Environmental Health and Safety (EHS)

  •   Provide technical guidance to University personnel concerning lead hazard evaluation and control.
  • Review results of air monitoring provide and interpretation for departments managing work.
  • Conduct compliance audits of projects involving the disturbance of lead materials.
  • Direct the University departments conducting the work to modify or stop lead related work practices if employees, students, or the public are being exposed to lead hazards.
  • Maintain records of all sampling data submitted to EHS.
  • Periodically review departmental Lead Management Programs and recommend revisions as necessary.
  • Provide Occupational Exposure to Lead training in accordance with 29 CFR 1926.62 (L)(2) for University employees engaged in activities that disturb lead-containing materials.
  • Provide Lead Awareness training in accordance with 29 CFR 1926.62 (L)(2) for University employees engaged in activities that disturb lead-containing materials.
  • Periodically review the departmental and regional campus Lead Management Programs and revise as necessary.

 

University Departments or Regional Campuses Managing Renovation, Demolition, Maintenance Work

  • Develop and implement a Lead Management Program. Report any problems associated with implementation of the Lead Management Program to EHS.
  • Prior to the initiation of any interior or exterior work involving lead containing or presumed lead containing material by an outside contractor, provide EHS with an Initial Lead Project Notification. Consult with EHS on contracted projects requiring removal or demolition of potential lead containing building materials.

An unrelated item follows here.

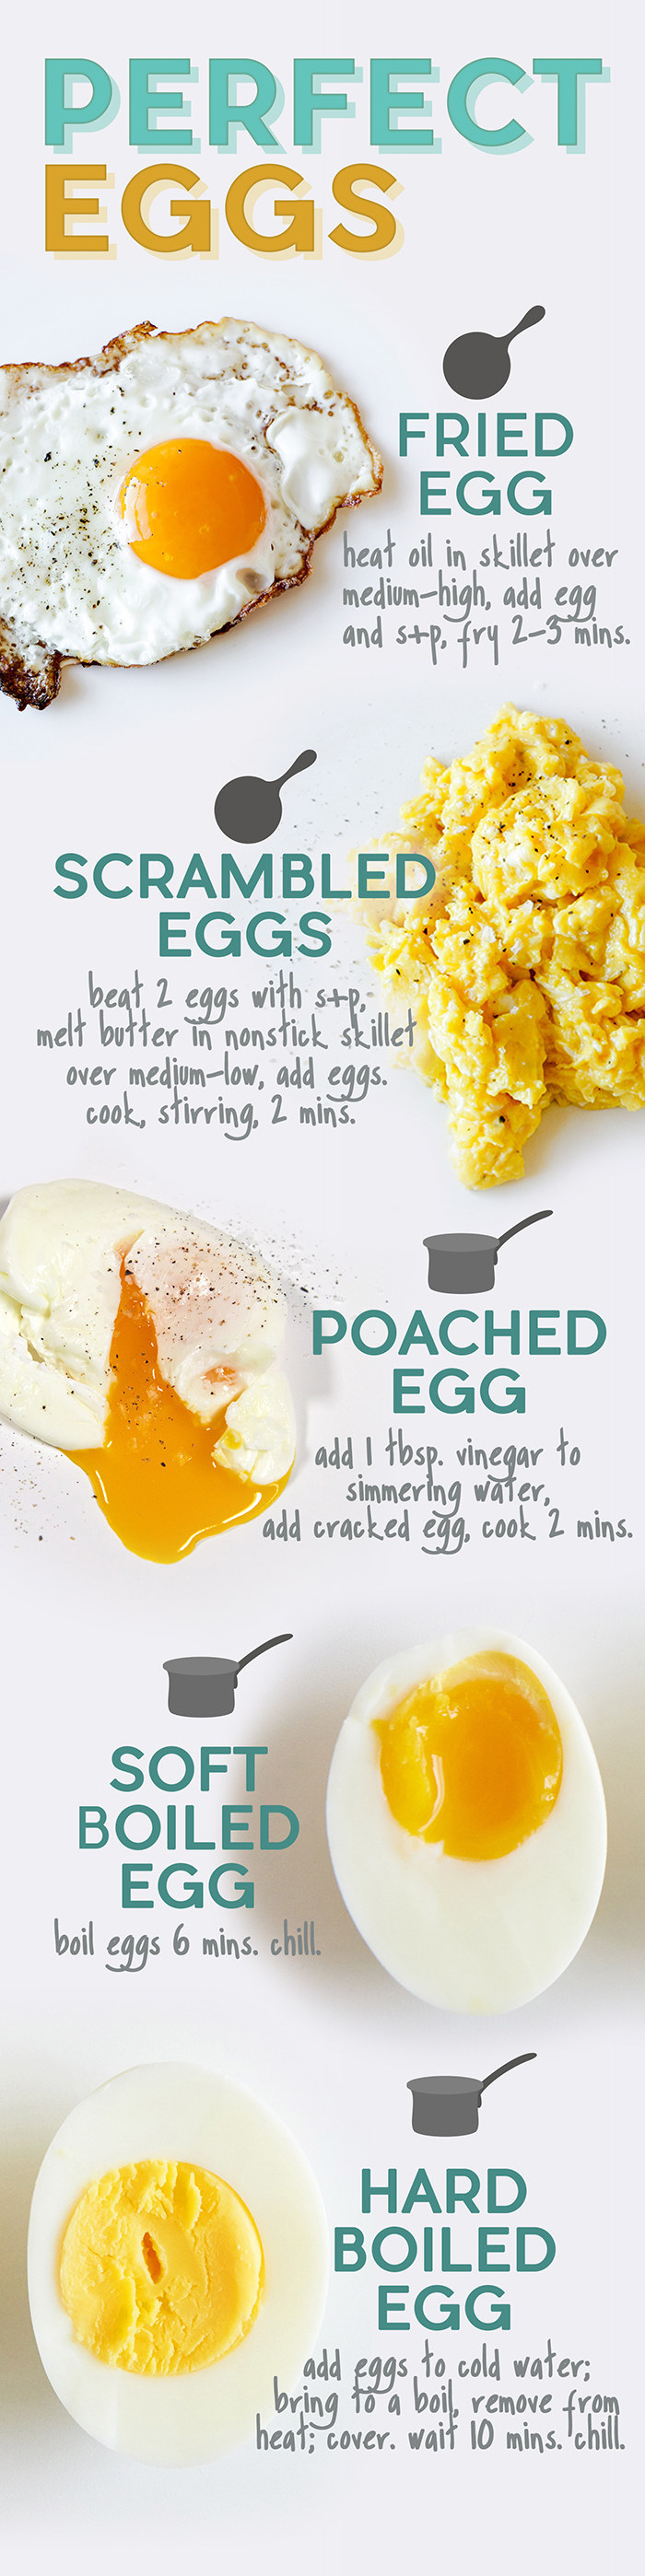 How To Cook Over Easy Eggs [With Video + Infographic]

  • Ensure that all construction and maintenance work involving lead or lead‑based materials, both in-house and contracted, is performed in accordance with current regulatory requirements, and that the work practices outlined in the departmental Lead Management Plan are followed.
  • Stop or modify lead related work practices if employees, students, or the public are being exposed to lead hazards.

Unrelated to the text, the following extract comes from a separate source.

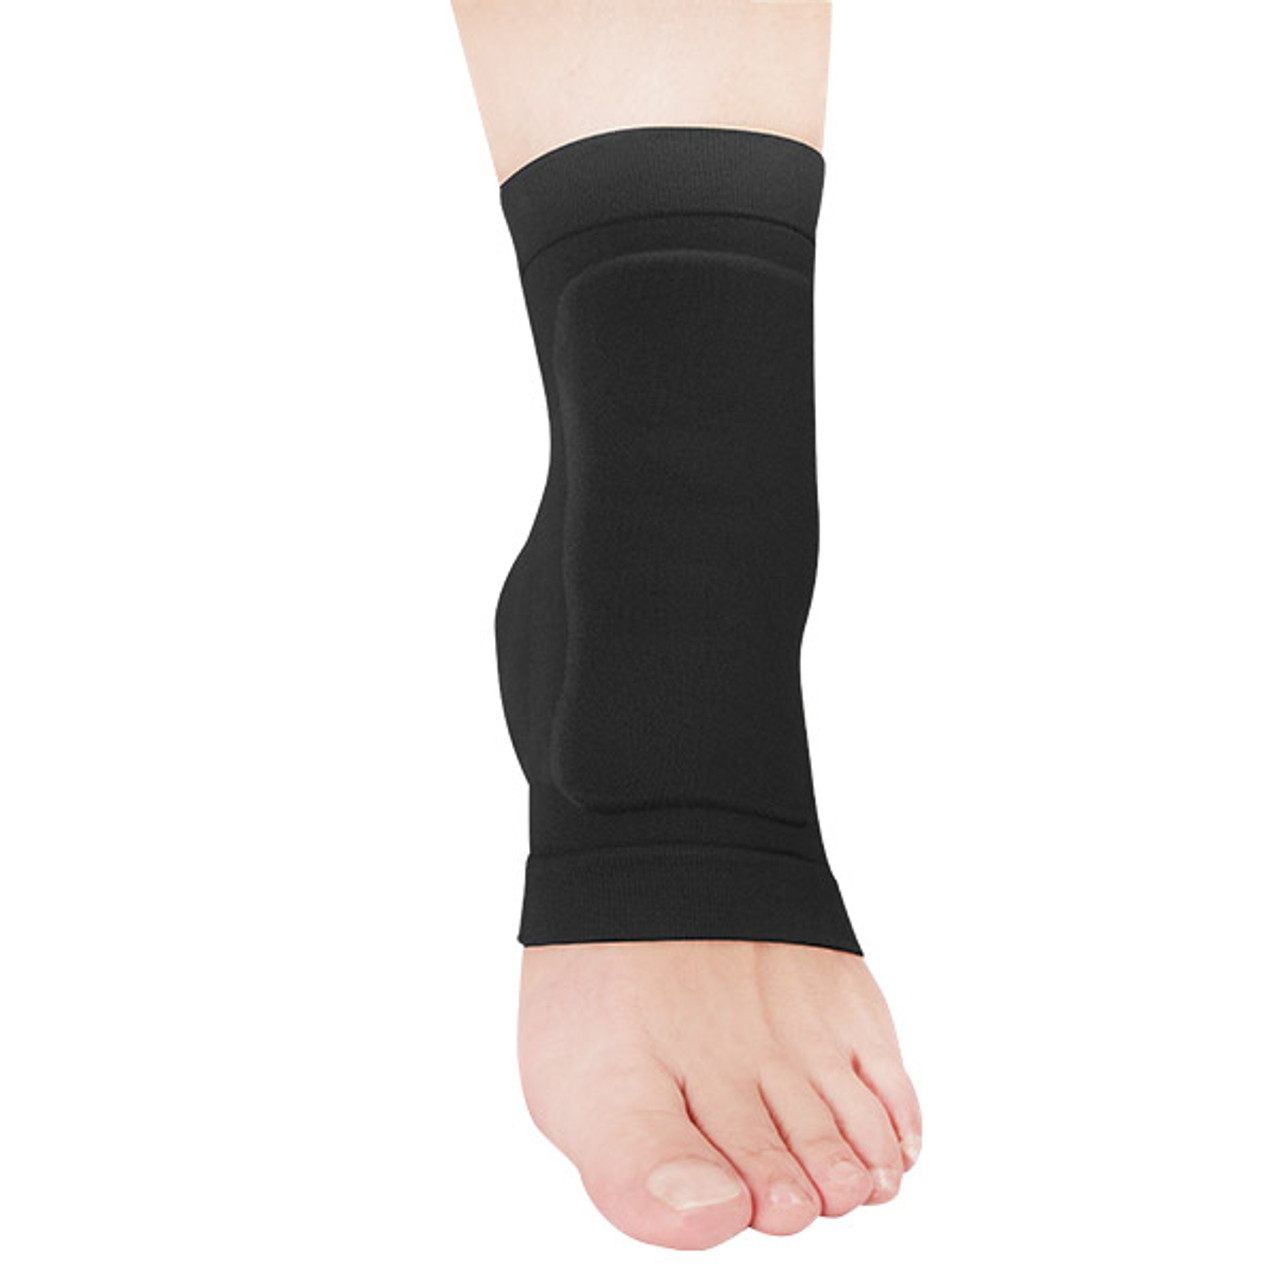 OrthoActive 2620 Forefoot Lace Protector

  • Disclose known information regarding the presence of lead in building and construction materials to any contractor retained to conduct demolition or renovation work.
  • Ensure that the Contractor has read, understands, and will abide by the minimum performance standards required in the Lead Management Program for controlling lead hazards.

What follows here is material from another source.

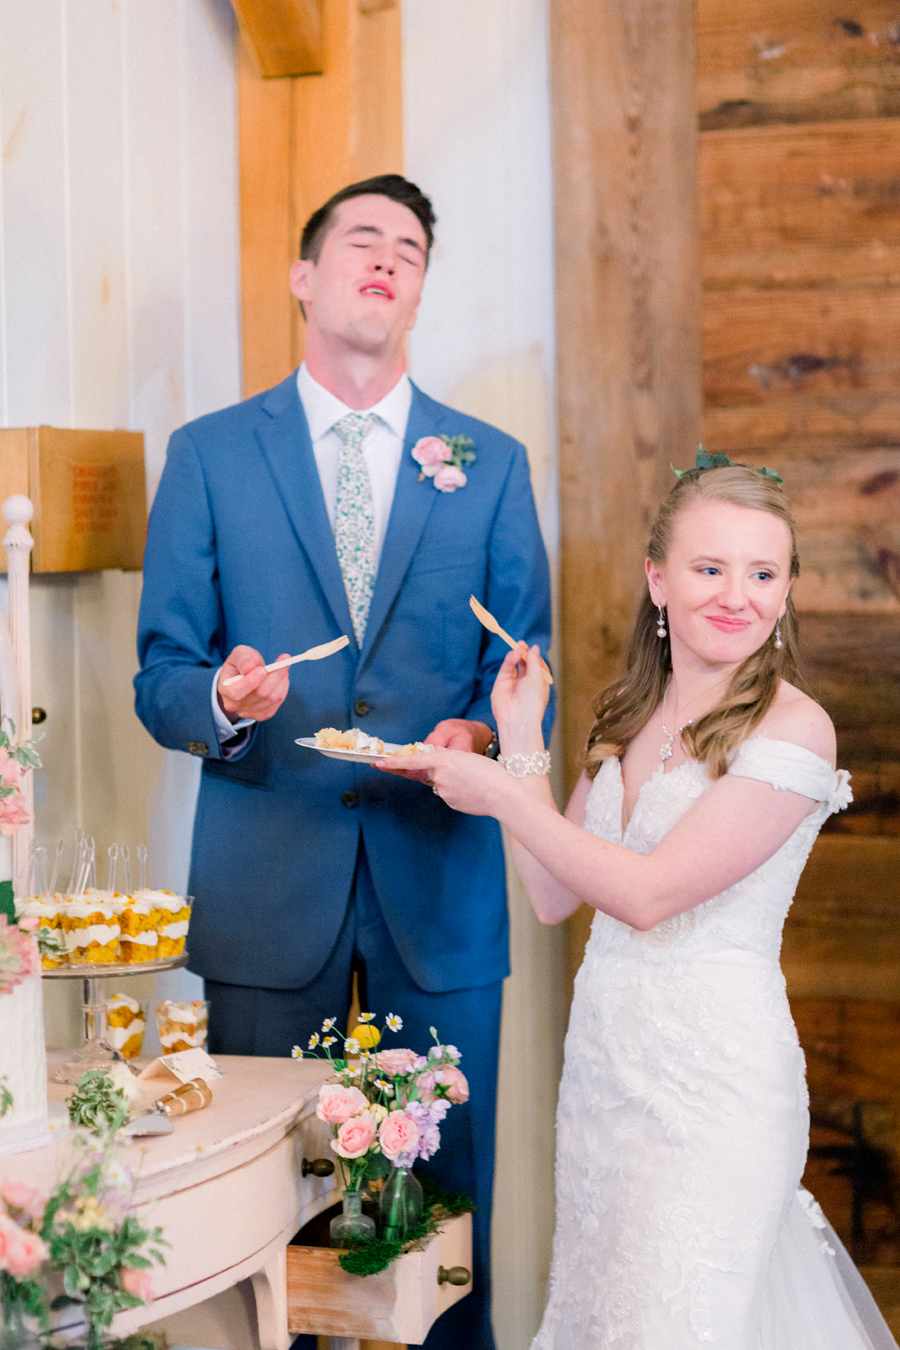 The bride smiles at guests as she tries the cake at a Blue Bell Farm wedding by Love Tree Studios.

  • Conduct area air monitoring and clearance sampling by qualified consultant as required by this program and provide EHS with all sample results.
  • Ensure all lead related work-sites and all areas that have been contaminated resulting from the work conducted are properly cleaned and meet the clearance criteria required by this Program.
  • Ensure all hazardous waste is properly identified, labeled, segregated and stored at the job-site until removed by an approved hazardous waste contractor.
  • Provide specific contractor language regarding projects that may contain lead to outside contractors bidding on projects.
  • Ensure that all personnel who disturb lead containing materials receive Occupational Exposure to Lead Training. EHS can provide this training.
  • Ensure that all maintenance staff receive Lead Awareness Training annually. EHS can provide this training.